A recently discovered fast radio burst appears to pulse on a regular 16-day cycle, marking the first time that scientists have been able to see a specific tempo from any of these mysterious signals.
FRBs are bright pulses of radio emissions—lasting milliseconds, or fractions of a millisecond. In that timeframe, they can discharge as much power as hundreds of millions of Suns.
Known as FRB 180916.J0158 + 65, this fast radio burst (FRB) sends bursts of radio waves for a period of four days, stops for a period of 12 days, and then repeats itself.
The 28 initial patterns were observed for the first time between September 2018 and October 2019, according to a pre-published study. “We conclude that this is the first periodicity detected of any kind in an FRB source,” wrote the researchers in the study.

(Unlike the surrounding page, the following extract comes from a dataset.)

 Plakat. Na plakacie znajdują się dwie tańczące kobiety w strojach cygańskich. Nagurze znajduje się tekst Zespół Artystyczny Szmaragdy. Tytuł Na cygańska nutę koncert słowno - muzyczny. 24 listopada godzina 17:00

Most of them spark once, and we have never detected them again.
The FRB in question lies in a star-forming region in the outskirts of a galaxy located around 500 million light-years from Earth—making it the closest known FRB to Earth.
“The found location is radically different from the previously located repeating FRB, but also different from all previously studied FRBs,” said Kenzie Nimmo, a doctoral student at the University of Amsterdam, in a statement. “The differences between repeating and non-repeating fast radio bursts are thus less clear and we think that these events may not be linked to a particular type of galaxy or environment. It may be that FRBs are produced in a large zoo of locations across the universe and just require some specific conditions to be visible.”

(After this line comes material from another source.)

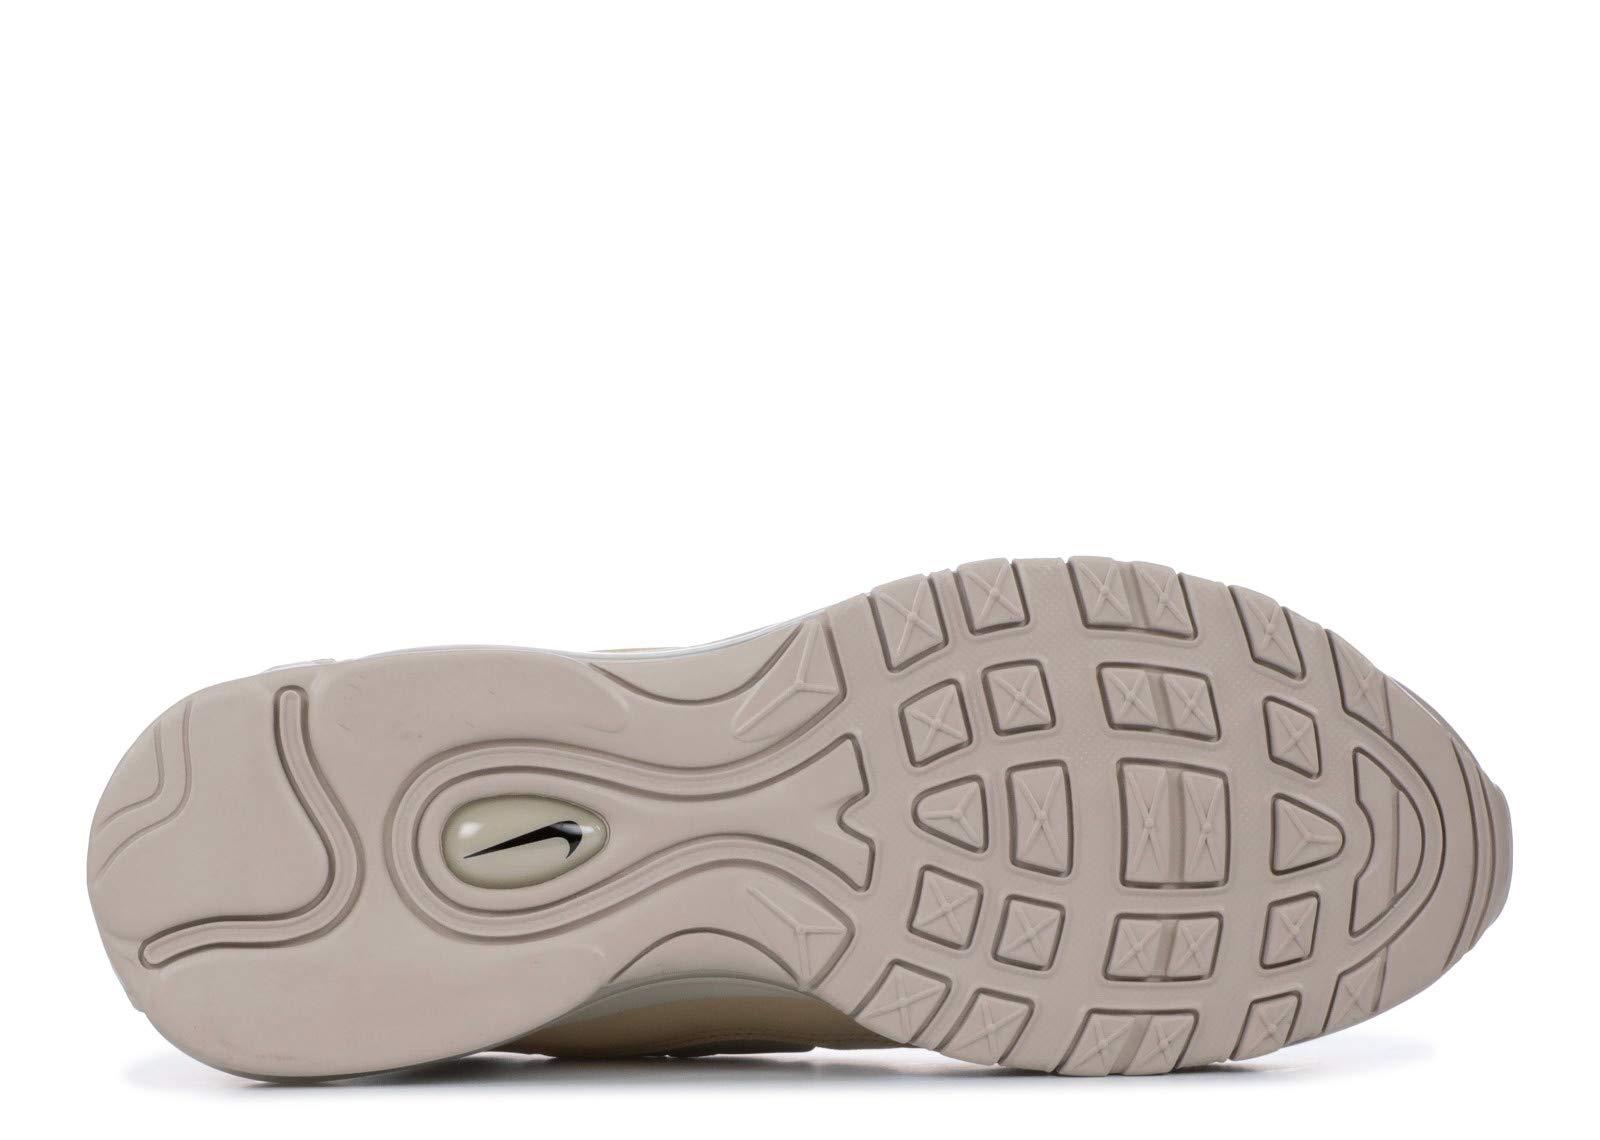 618b65e%2BAYL - Nike Men's Air Max 97 / Plus Gymnastics Shoes

“The discovery of a 16.35-day periodicity in a repeating FRB source is an important clue to the nature of this object,” the researchers wrote in their paper.
Other objects that demonstrate periodicity tend to be binary systems – stars and black holes. The period of 16.35 days could be the orbital period, the FRB object facing the Earth only during a certain part of the orbit.

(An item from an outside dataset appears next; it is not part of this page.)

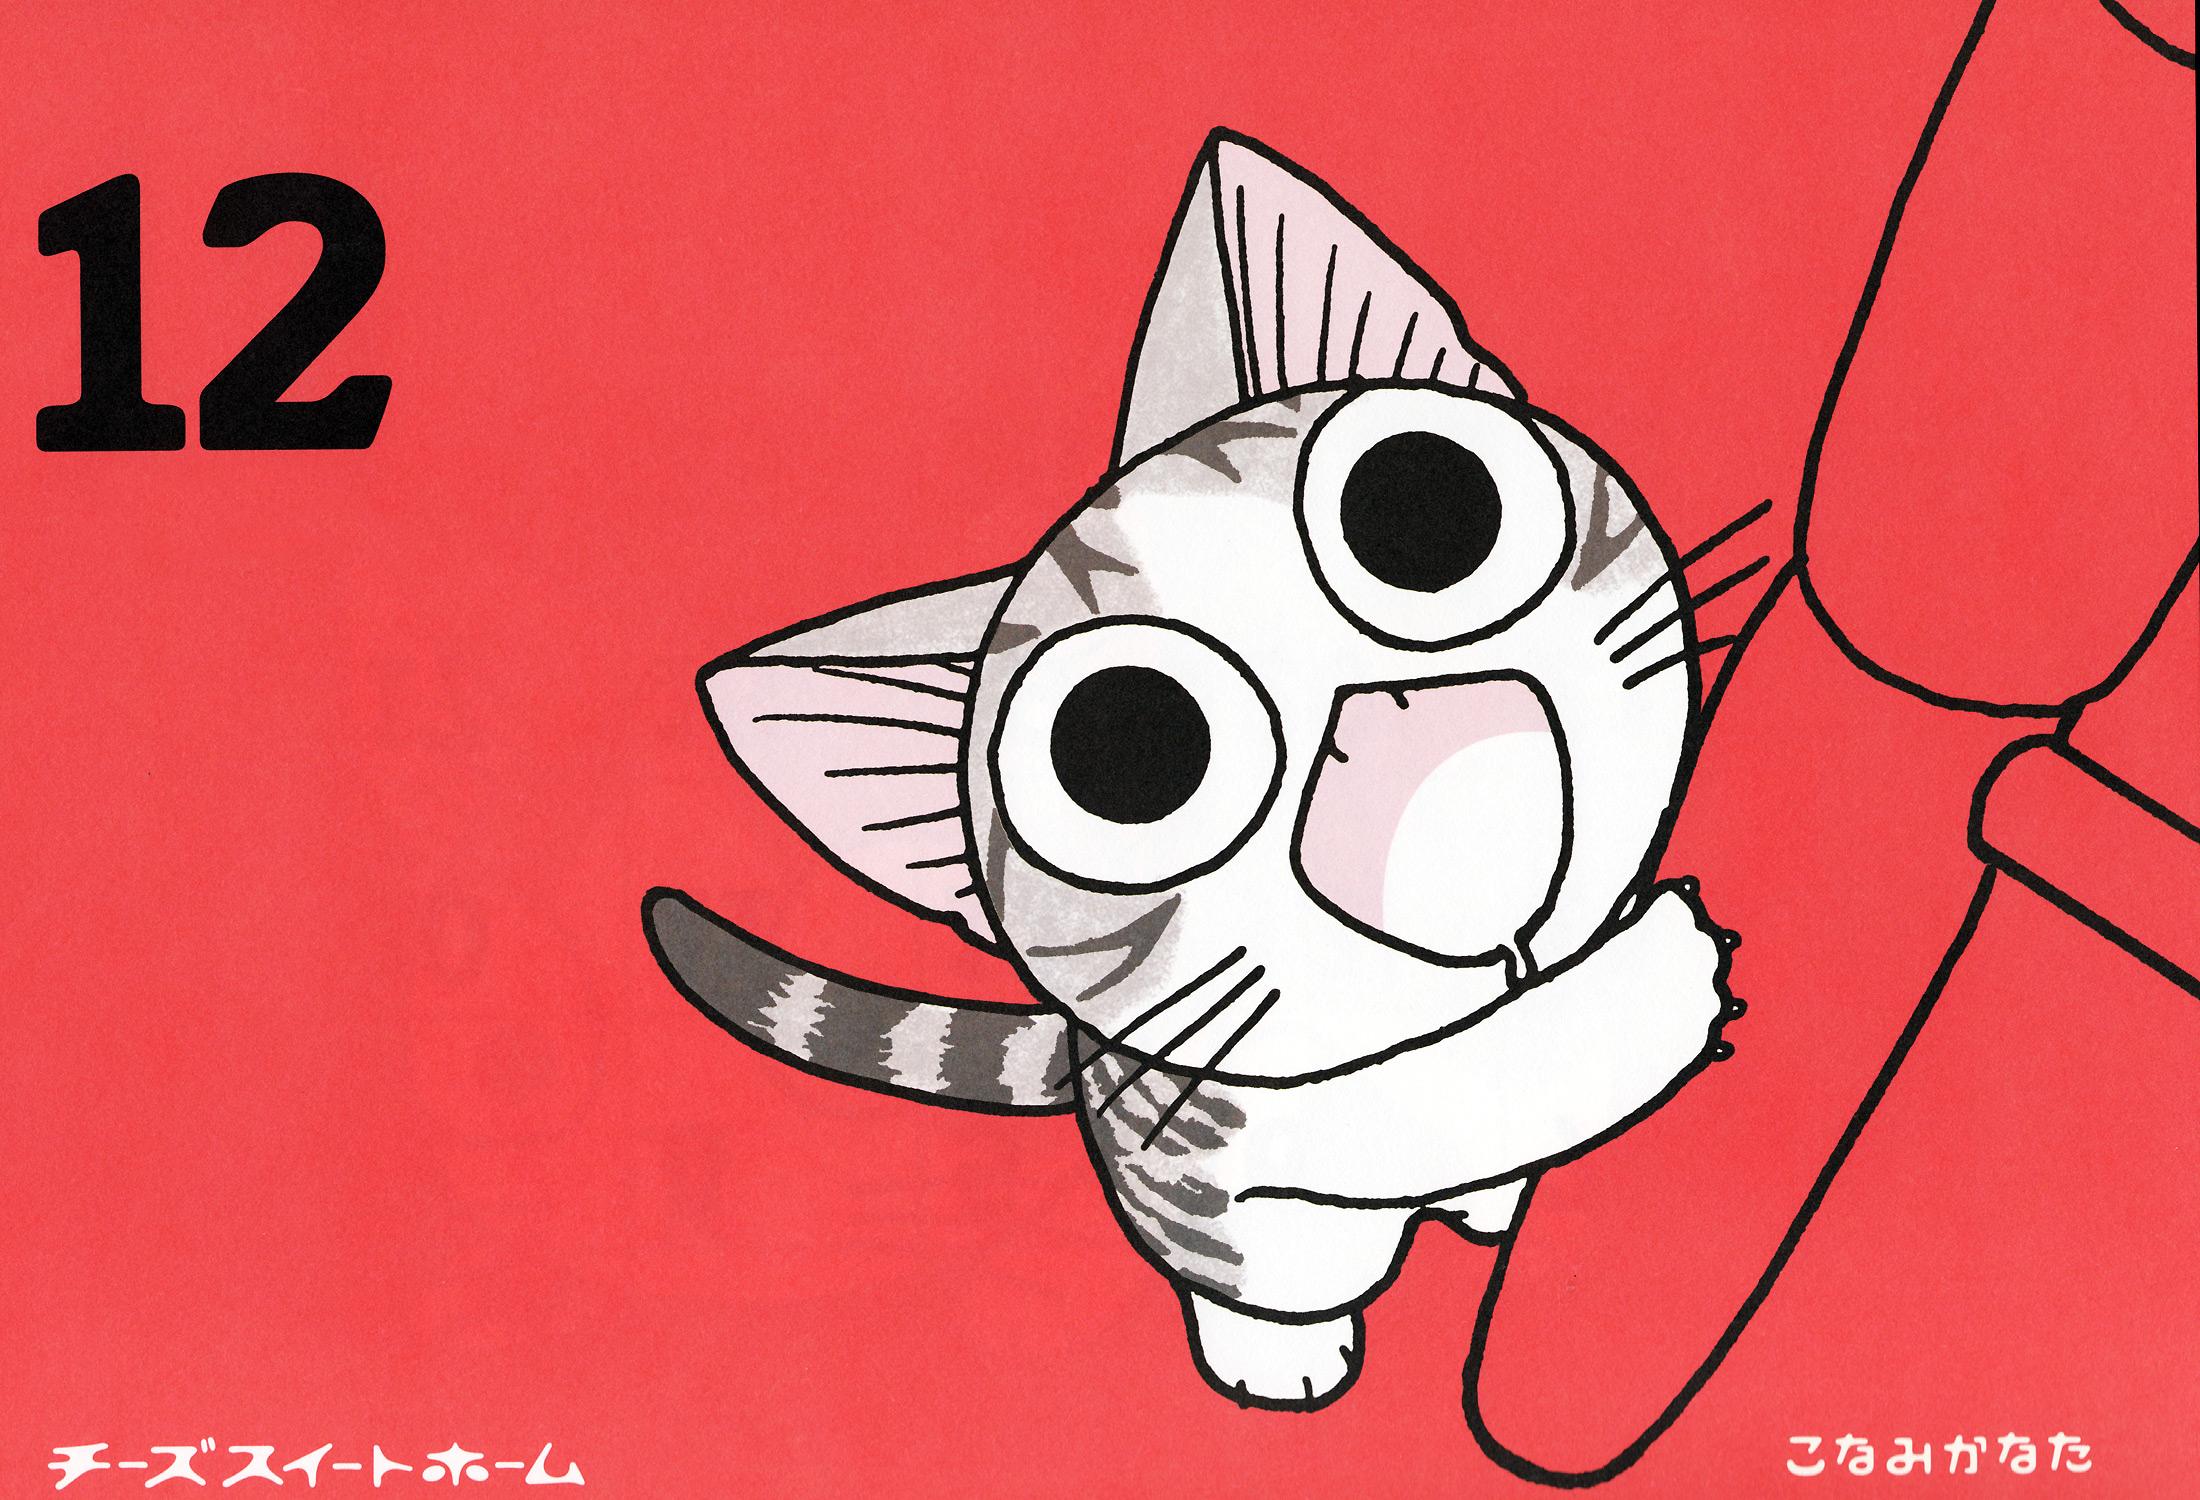 甜甜私房猫12张可爱模样高清壁纸(12/12)

Discovered in 2007, FRBs are relatively new to astronomers and their origins are mysterious. According to ScienceAlert, some of them can generate as much energy as 500 million suns in a few milliseconds.
So, the next step would be, of course, to continue staring at FRB 180916.J0158+65 for a bit. But it also would be pretty interesting to try and see if periodicity can be detected in other bursts as well.
“Future observations, both intensity and polarimetric, and at all wavebands, could distinguish among models and are strongly encouraged,” the researchers wrote, “as are searches for periodicities in other repeaters, to see if the phenomenon is generic.”